Is this index calculation accurate?

Since msg_free is incremented and msg_count is decremented in each iteration
below, the calculated idx jumps by 2. This skips alternate skbs, leaking
them, and reads uninitialized memory, which is then passed to
dev_consume_skb_any(), causing a use-after-free or double free.

I don't think this is legit. I've written code to test this algorithm, and it works as written. This logic comes from the drivers/mailbox/mailbox.c function msg_submit.

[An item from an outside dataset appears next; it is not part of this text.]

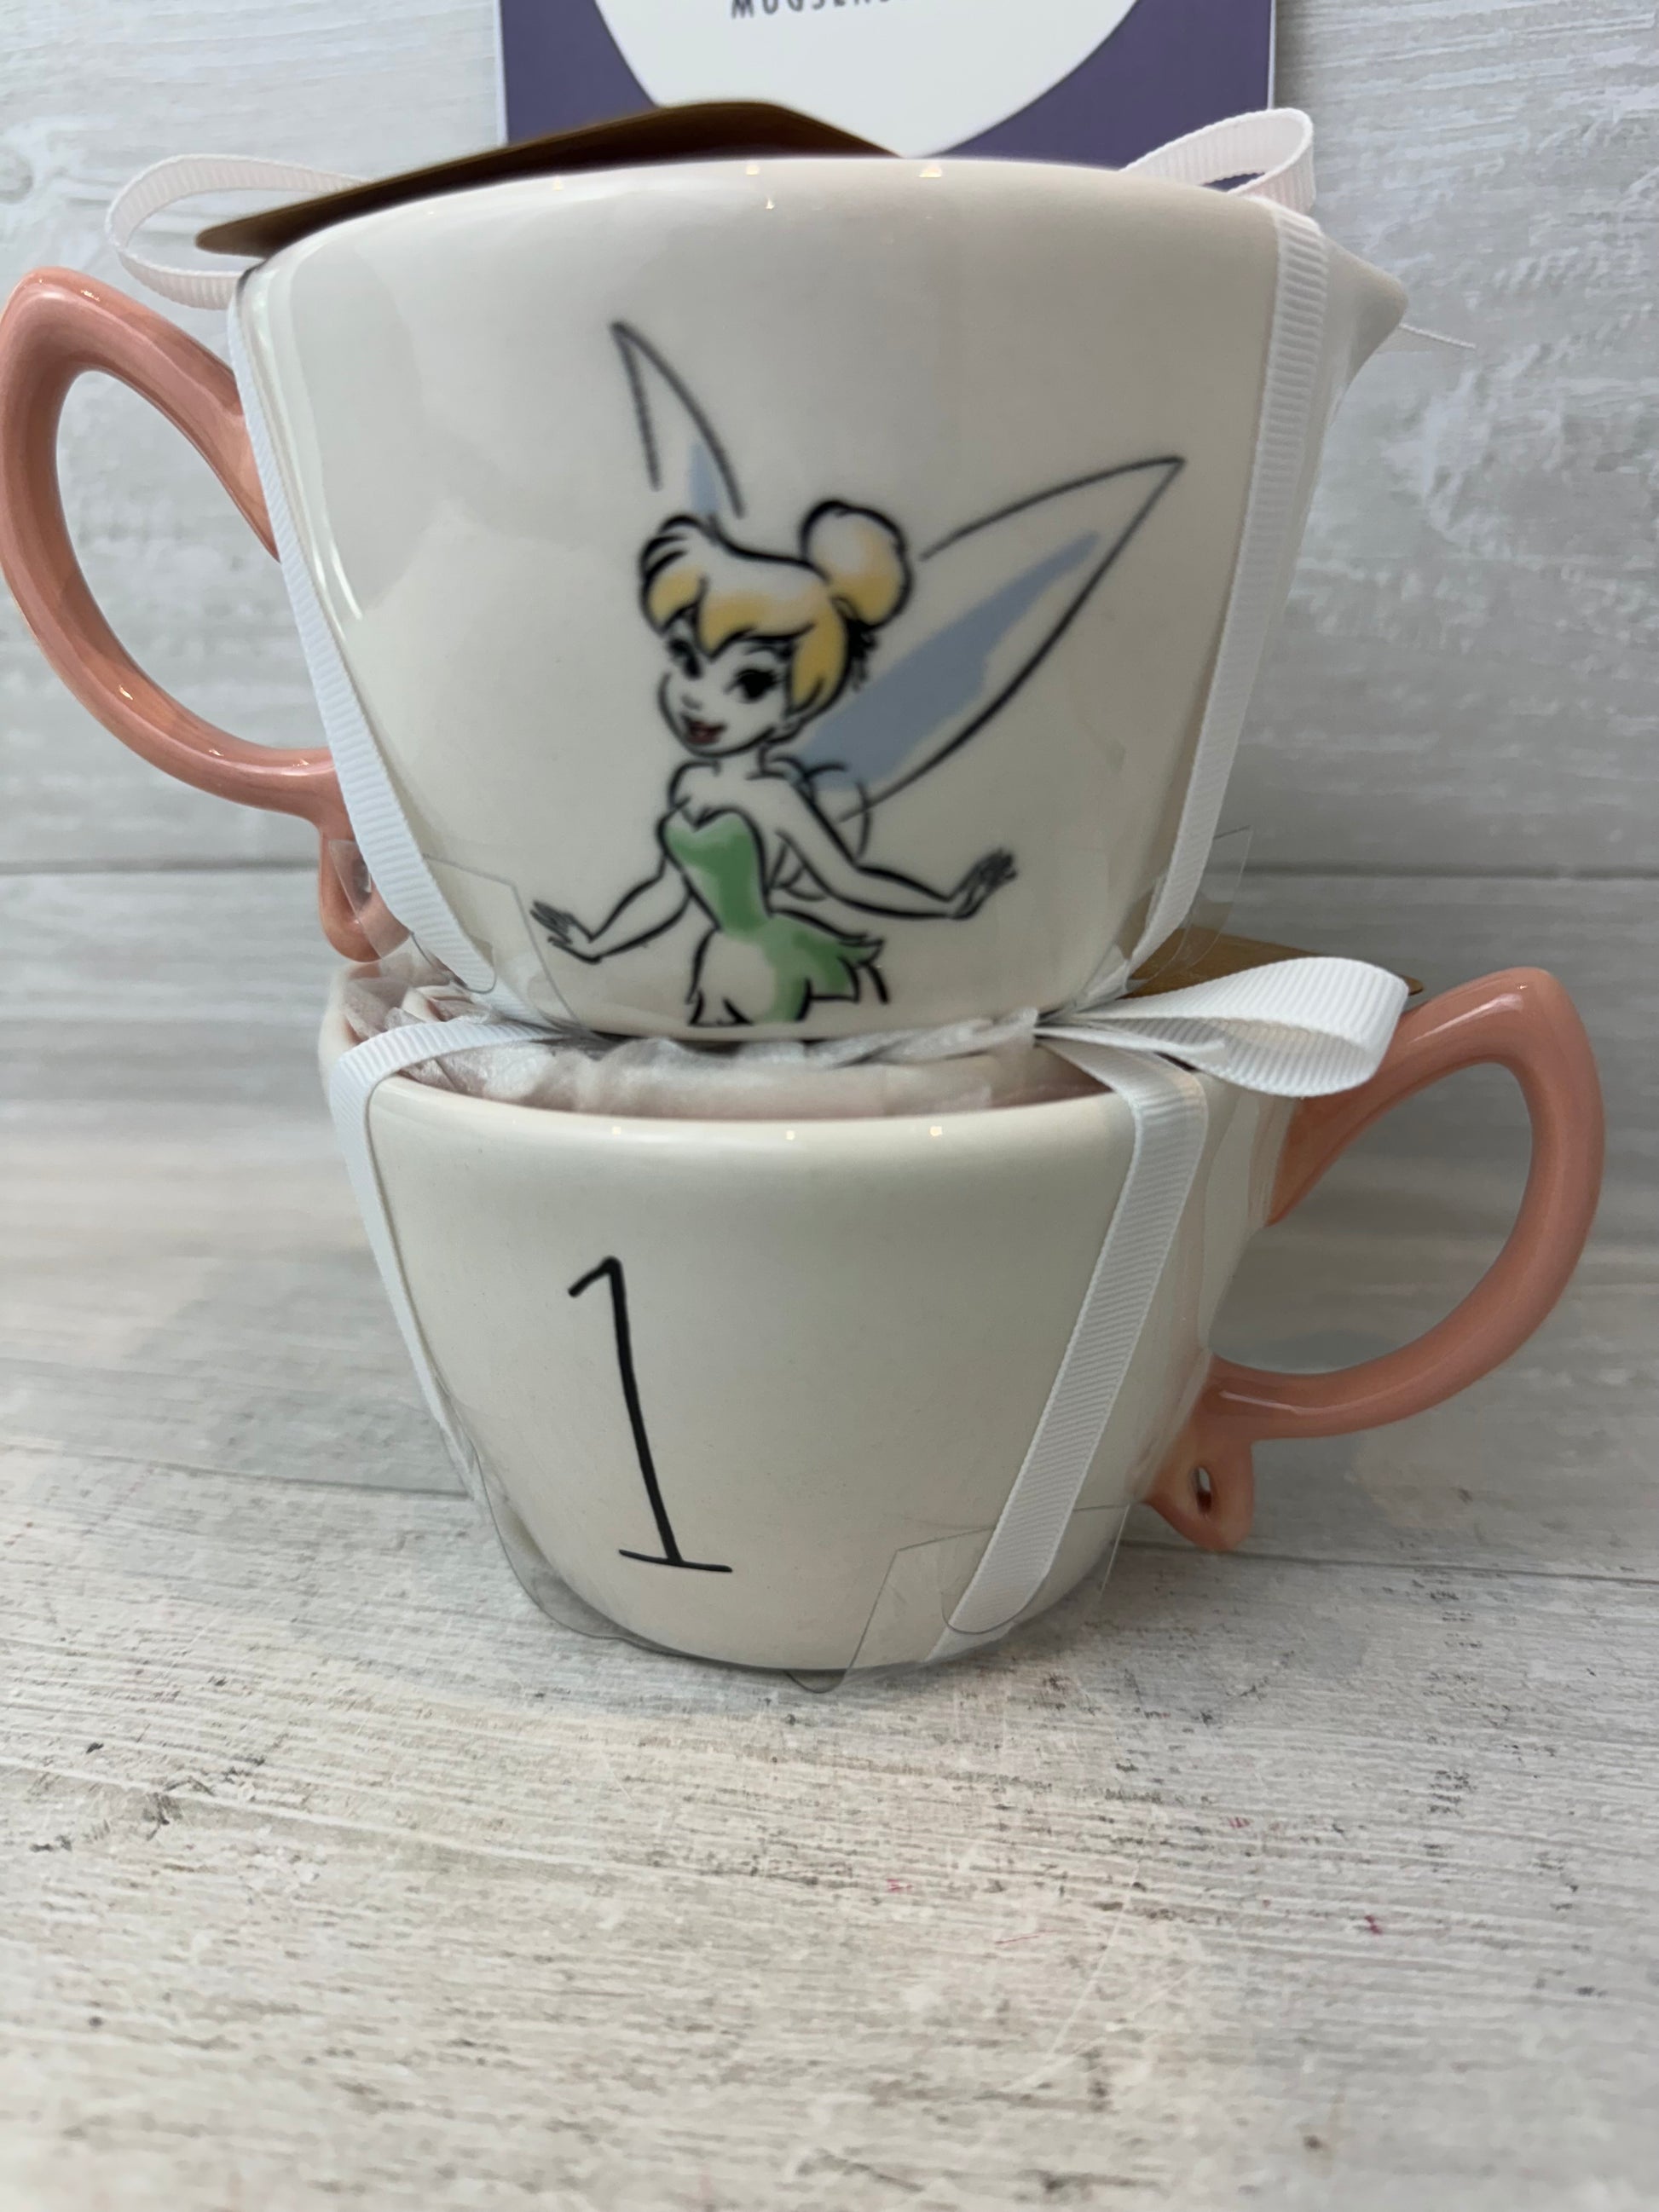 Rae Dunn Tinkerbell Measuring Cups Set Of 4 Disney's Peter Pan Collection

idx does not jump by two each iteration.

+ skb = chan->msg_data[idx];
+ dev_dstats_tx_dropped(ndev);
+ dev_consume_skb_any(skb);
+ chan->msg_count--;
+ chan->msg_free++;
+ }
+ }

[ ... ]

+static int mctp_pcc_driver_add(struct acpi_device *acpi_dev)
+{
+ struct mctp_pcc_lookup_context context = {0};
+ struct mctp_pcc_ndev *mctp_pcc_ndev;

[ ... ]

+ status = acpi_walk_resources(dev_handle, "_CRS", lookup_pcct_indices,
+ &context);
+ if (!ACPI_SUCCESS(status)) {
+ dev_err(dev, "FAILED to lookup PCC indexes from CRS\n");
+ return -EINVAL;
+ }

What happens if the _CRS table contains fewer than two PCC_DWORD_TYPE
resources?

If context.index is not verified to be at least 2 here, context.inbox_index
and context.outbox_index might remain uninitialized or at their default zero
values. This could cause the driver to blindly request PCC channel 0, which
may belong to another hardware subsystem.

If that is the case then things are truely corrupted on the system. So, yeah, this is legit, but a sign of things much worse happening.

It is easy enough to check that we get 2 values in the context from walk resources.

+
+ snprintf(name, sizeof(name), "mctppcc%d", context.inbox_index);
+ ndev = alloc_netdev(sizeof(*mctp_pcc_ndev), name, NET_NAME_PREDICTABLE,
+ mctp_pcc_setup);